They live in crowded eight-person rooming groups, have intensive classes more than three hours a day, encounter people from all nations and backgrounds, and even get homesick. Where they go to school, the male-female ratio is tilted strongly towards the male side. They learn plenty and make new friends.
But these people aren't bewildered freshmen, they're senior level executives. Instead of arriving at Harvard after several years at Andover or Philips-Exeter, they hail from Ford Motor Company, IBM, and General Motors.
The group, composed mostly of white men in their 40's and 50's who have had more than 10 years experience near the top of the corporate world, have arrived at the Harvard Business School for one of the 12 "executive education" programs it offers each year.
The Business School offers an extensive range of programs, from two-week seminars on very specific business topics to the more prominent 13-week Advanced Management Program (AMP). The money-making programs draw business people from around the world to the B-School campus.
Says AMP instructor and B-School professor George C. Lodge of the program, "It's extremely exciting. It's different from MBAs because they bring a wide variety of often very deep experience." He said that while participants aren't graded, they contribute to class discussion because of peer pressure.
Citing an example of the stimulating debates these veterans inspire, Lodge recalls, an incident in a class of his a few years ago. "I was teaching a class about the world debt crisis," he says. "We had the head of the Mexico city office of Citibank in the class and we also had a deputy in the office of the Mexican ministry of finance, so we got a really profound view of the issue. There's always that kind of richness."
"It's a very good idea. It's designed for managers just about to get their last big promotion, and they've had very little time to reflect or to even think about various aspects of what they're doing."
Rooms With a View
Although the participants do live in rooming groups of eight, the suites included in the stay are in no other way like those in freshmen dormitories. In fact, they are luxurious newly decorated suites with modern furniture and a view of the Charles.
Each "can group," as the mid-career students call themselves because of their use of the same bathroom facilities, features plush wall-to-wall carpeting; a large and comfortable modern sofa and a complete bar and television set hidden away behind wooden wall cabinets. In addition, each living group is also a study group, going over sample cases and problems together. So on one side of the common room is a small business-like conference table and a blackboard for the group to use in order to work together each morning.
The rooms on each floor even have separate color schemes, color-coding the walls, rug and furniture so that a participant will notice if he accidentally walks into the wrong suite.
Despite the extravagant surroundings, says B-School spokesman William Hokanson, "This is pretty Spartan by their standards. These people come from a certain level where they are used to it."

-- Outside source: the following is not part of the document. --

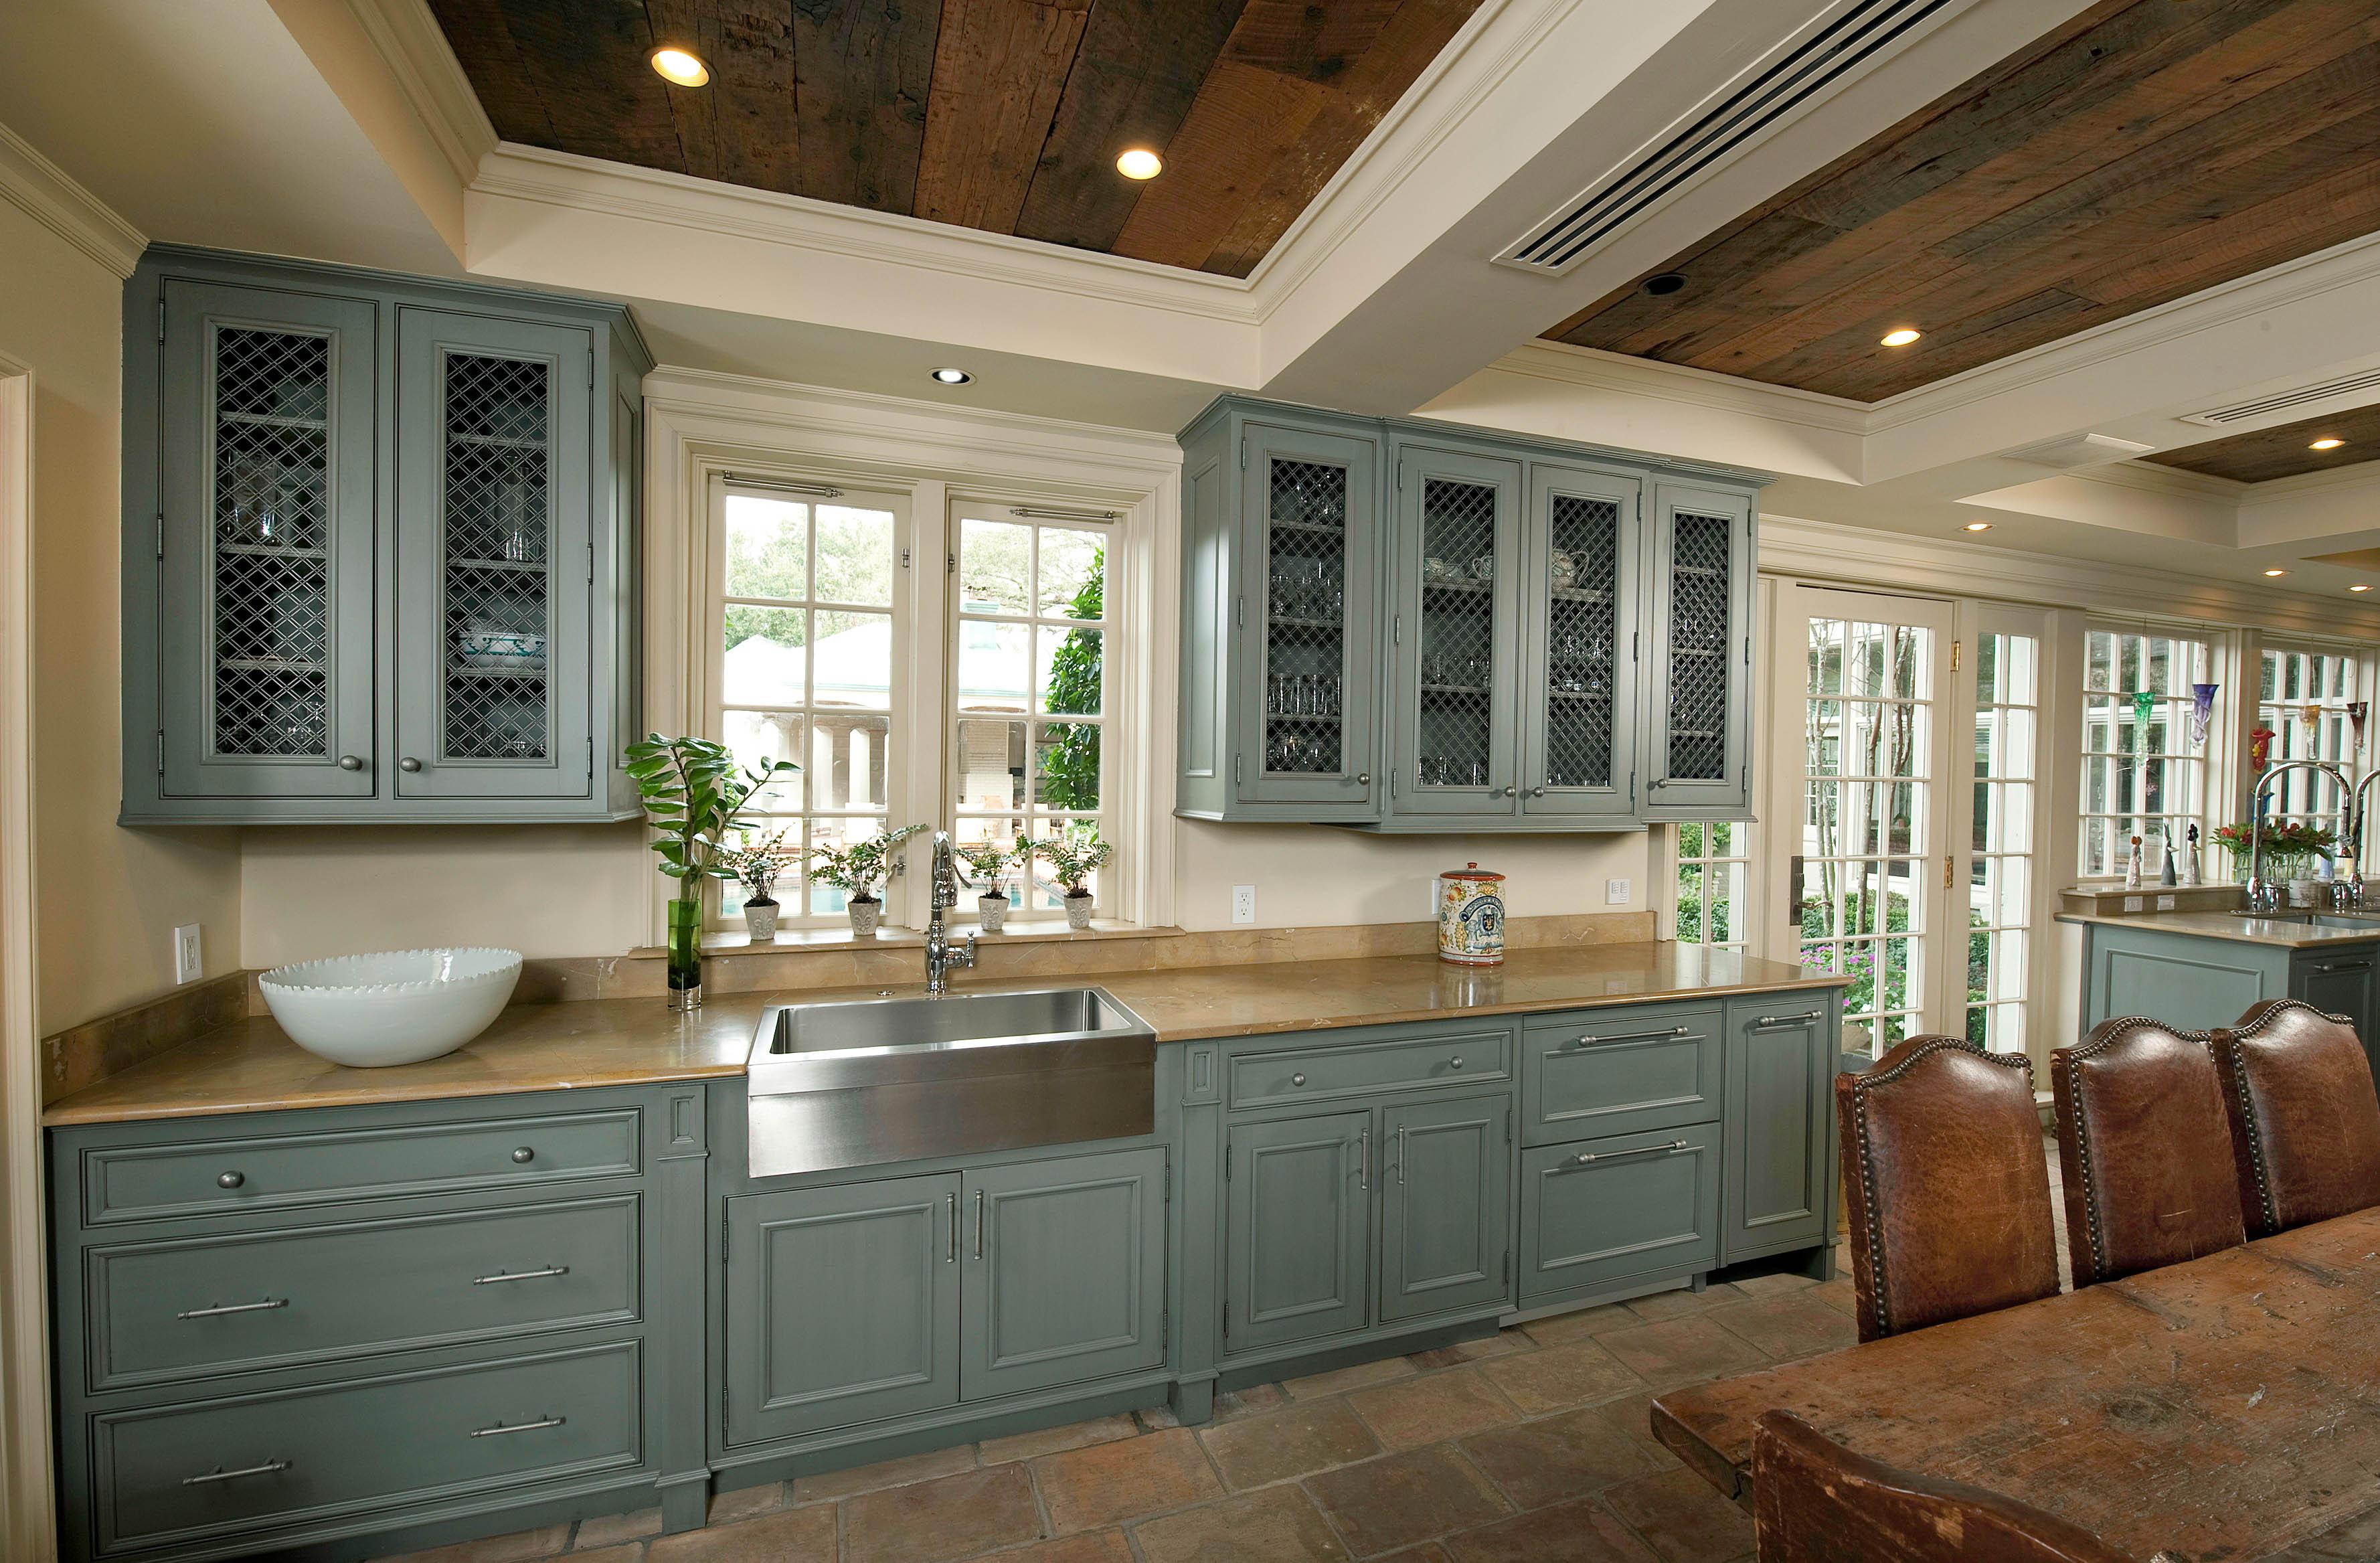 Old Metairie Kitchen_8753 130
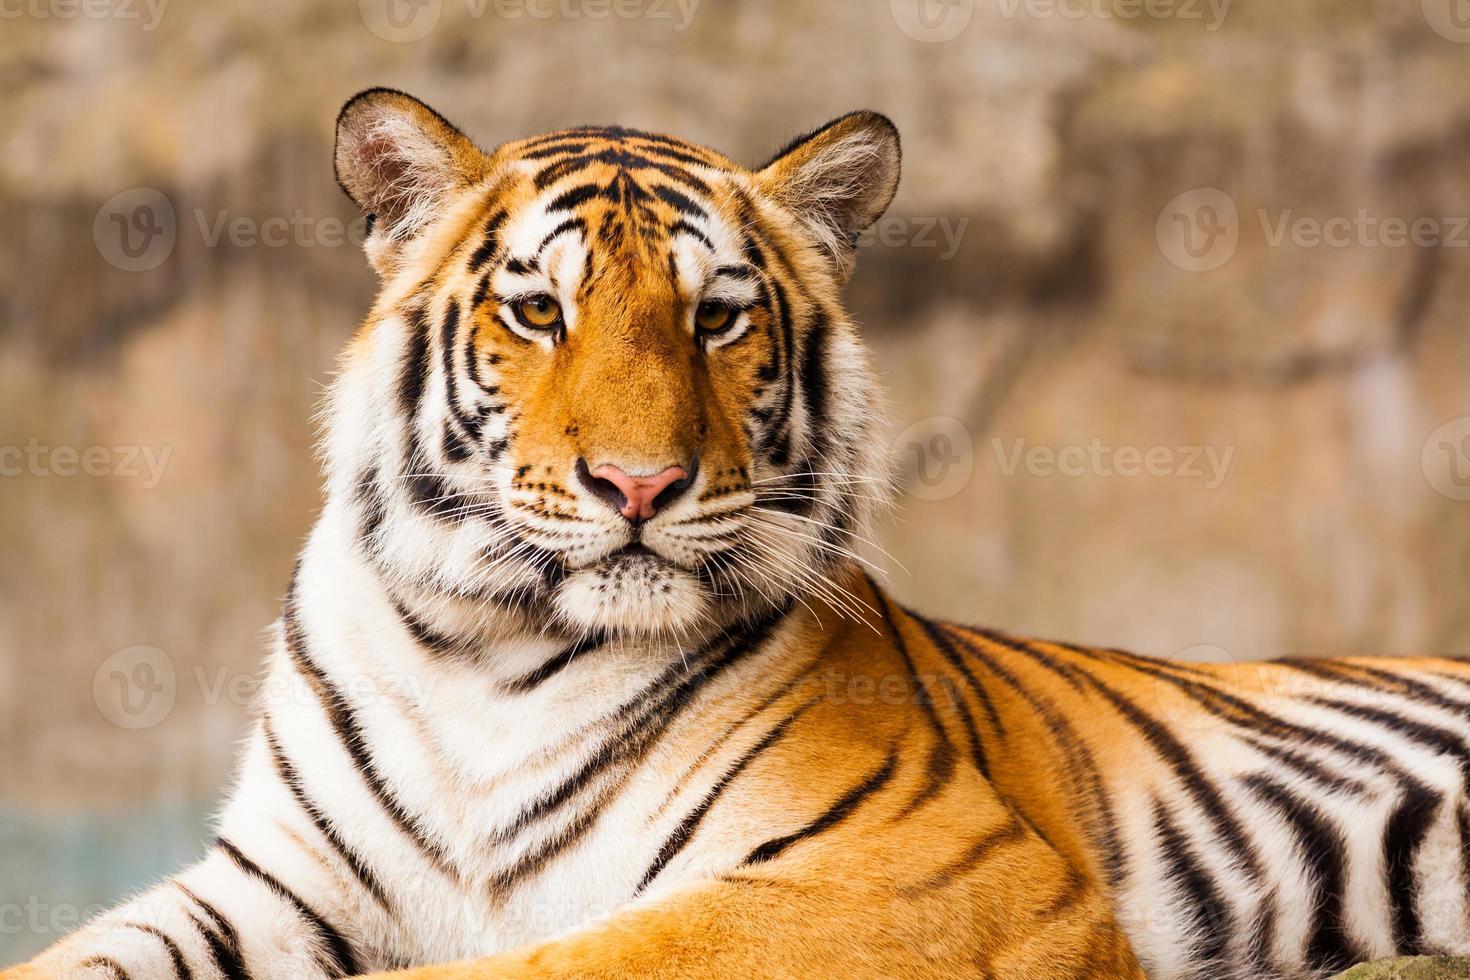 Big Tiger staring photo

Originally started as the War Production Training Course in 1943, the AMP was first offered in order to "search for different statistical methods relating to war victory," says Hokanson. He says the program was designed "originally to bring key people up to date" in the efficient production of war time goods. In its current form, the program is specifically intended for senior level executives with at least 20 years of executive experience.
The AMP was later joined in the 1950's by the 14-week Program for Management Development (PMD), intended for business managers of between five and 10 years of experience. In the early 1970's, two more extensive programs were added to the curriculum: the eight-week International Senior Managers Program for senior execs from multinational or non-U.S. companies and the nine-week Owner/President Management Program for top level management.
In addition to these major programs, the B-School executive education division offers eight two-three week functional management programs and a number of short less-than-a-week seminars on more specific business topics throughout the year.